Do we really want to live in a society where everyone gets to decide what's morally right or wrong for themselves? Andrew Kehoe was morally right, he just got caught, that's all. Lee Harvey Oswald was morally right, he just got caught too. Jack Ruby also. And all those pedophile priests. And, of course,reductio ad Hitlerum, Adolf Hitler was morally right, he just got caught, that's all.
"Do we really want to live in a society where everyone gets to decide what's morally right or wrong for themselves?"
We do.
That's why, in spite of the bible telling people that they should stone their children to death for swearing, people don't.
They make their own moral judgement.
The atheists are the ones who have noticed this.

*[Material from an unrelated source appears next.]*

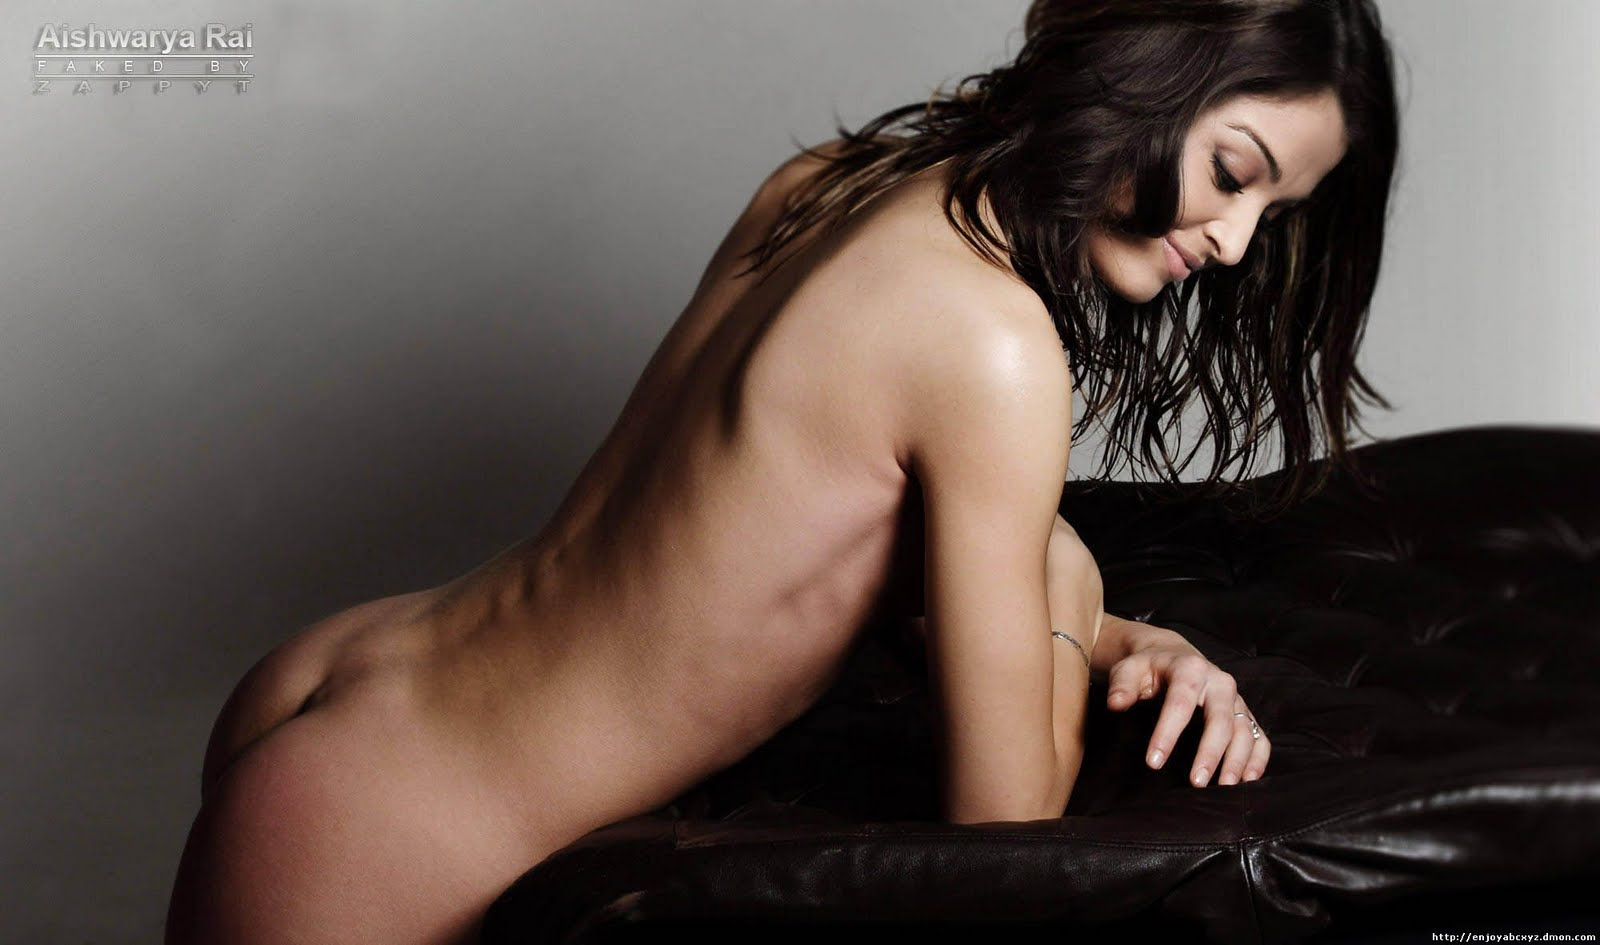 Really. naked bollywood actress aishwarya rai

You on the other hand, have run up against Godwin's law (and Hitler was, by the way, a theist).
It's not so long since the church approved of slavery.That doesn't depend on what I believe: it's a straightforward fact.
They firmly believe something which is obviously false.
I wouldn't trust that fact to work on Ewmon. I tried the same thing as far as "burning homosexuals alive" being immoral. His response, which was admirably un-hypocritical, was that they deserve to be burned alive. They sin, and spread disease, and whatever the hell else he said... it was altogether awful.
So, I think we have a fairly straight firing line. The religious want to kill and maim (and keep slaves if they're consistent), and they think all of humanity deserves to suffer. The anti-religious think the opposite. Let's just see who wins the moral high ground here.
"invariant morality" HA!
Edited by ewmon, 5 February 2013 - 02:28 PM.